I know, the first question is, what the heck is education delivery? According to the U.S. Education Delivery Institute U.S. Education Delivery Institute, when states are ready to implement a reform agenda, delivery:
is defined as ‘a systematic process for driving progress and delivering results in government and the public sector.’ At the heart of the delivery approach is a set of tools, processes, and a common language for implementation. Key features include prioritizing clear goals, understanding how services reach various constituents, projecting anticipated progress toward goals, gauging impact through real-time data, and regularly taking stock to intervene when necessary.
Essentially, it is a data-driven GPS for state-based school reform. Plug in the intended destination (improved literacy rates, boosted high school grad rates, etc.) and the delivery model helps guide you to the destination, while adjusting for the changes you may face on your path. It isn’t the reform, but it is what keep the reform moving forward.

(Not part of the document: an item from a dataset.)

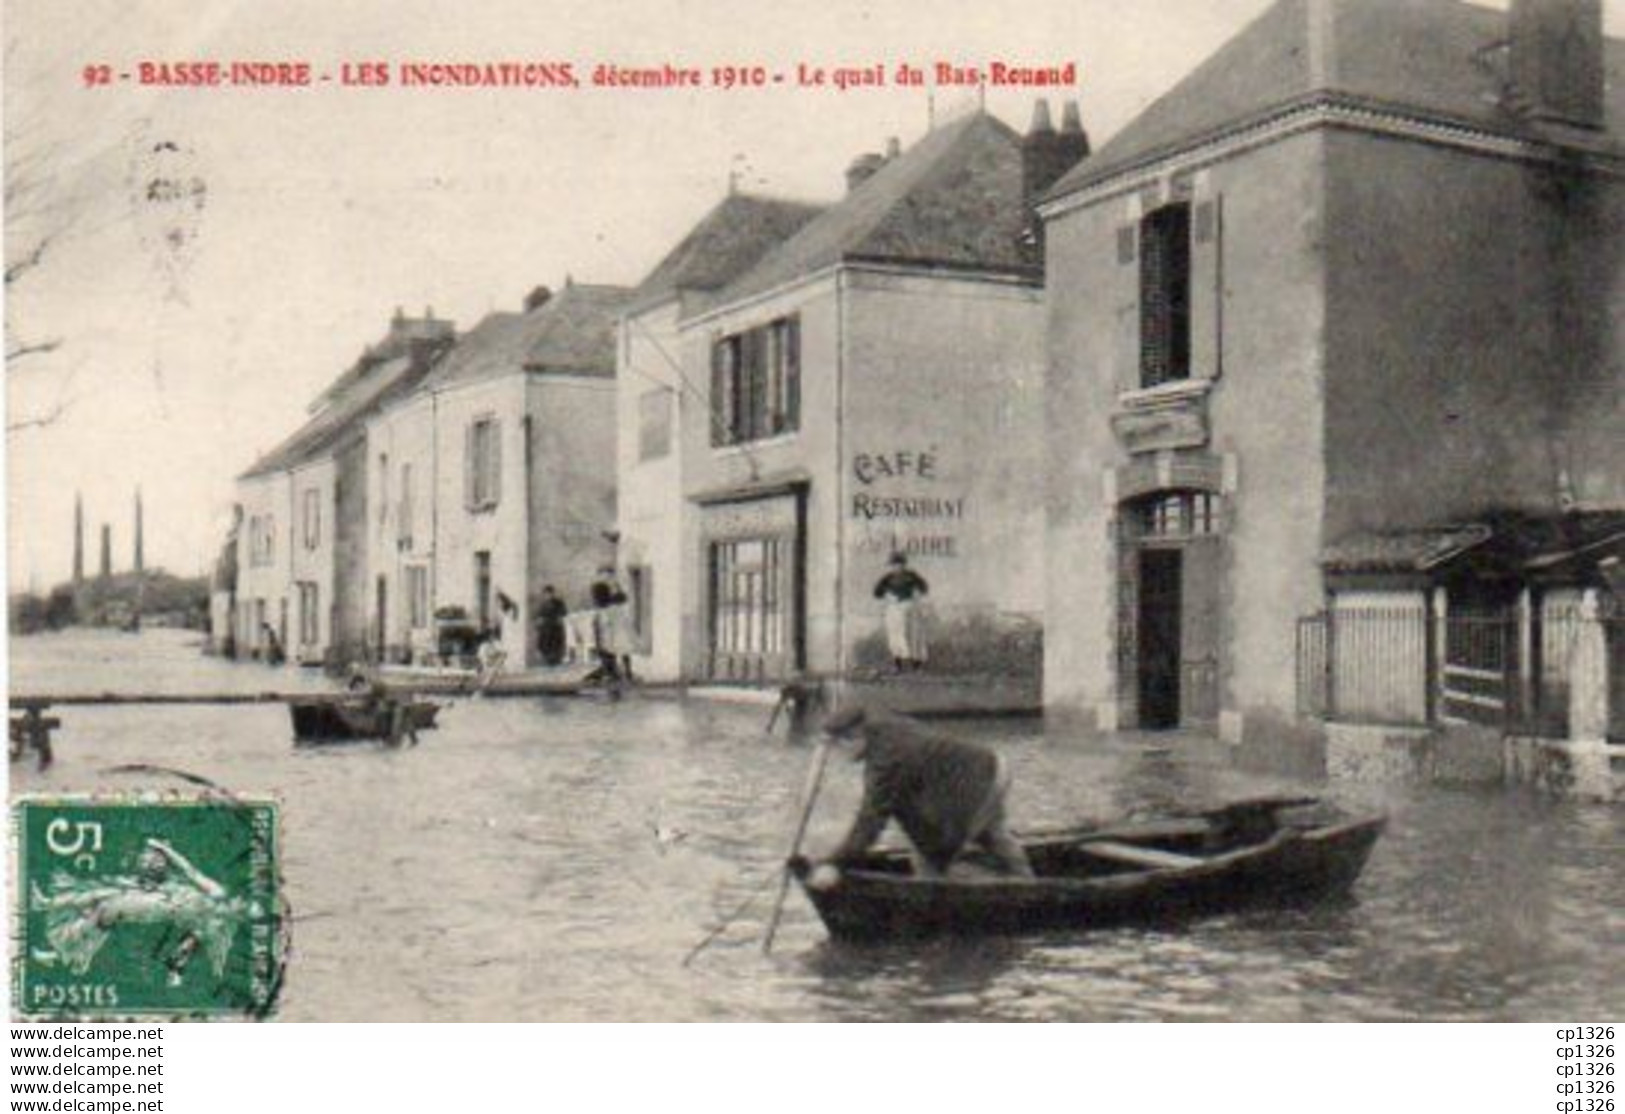 2V7Mz   44 Basse Indre Les Inondations 1910 Le Quai Du Bas Rouaud - Basse-Indre

Barber developed and refined the process “across the pond,” where he headed former British Prime Minister Tony Blair’s Delivery Unit. But it is still relatively unknown here in the States. So in their piece, Pastorek and Barber lay out the five key questions they are often confronted when talking about Delivery in Louisiana (after, of course, that introductory question, of “huh?”)
* What are you trying to do?
* How are you trying to do it?
* How will you know at any given moment whether you are on track?
* If you are not on track to achieve your goal, what are you going to do about it?
* The Delivery Unit should always ask the goal leaders and superintendent, “how can we help?
With 11 states ramping up their Race to the Top reform efforts (yes, DC, I’ll count you in the state pile), with other states moving forward with their reform efforts, despite the enticing carrot RttT offers, and with virtually all states trying to figure out how to keep up with the Joneses during these challenging economic times, the Louisiana Delivery model is an interesting concept. We spend so much time talking about what we should reform, but so little time, if any, talking about how we get to the intended goal. Could there be a proven model that can guide states and large school districts in a meaningful, productive way?
Pastorek sure seems to think so. And EDI reports it is also working with Delaware, Kentucky, Massachusetts, and Tennessee. So we’ve got a bunch of RttT winners, the top state in education standards, and a long-time leader in forward-looking school reform. These folks may actually be on to something.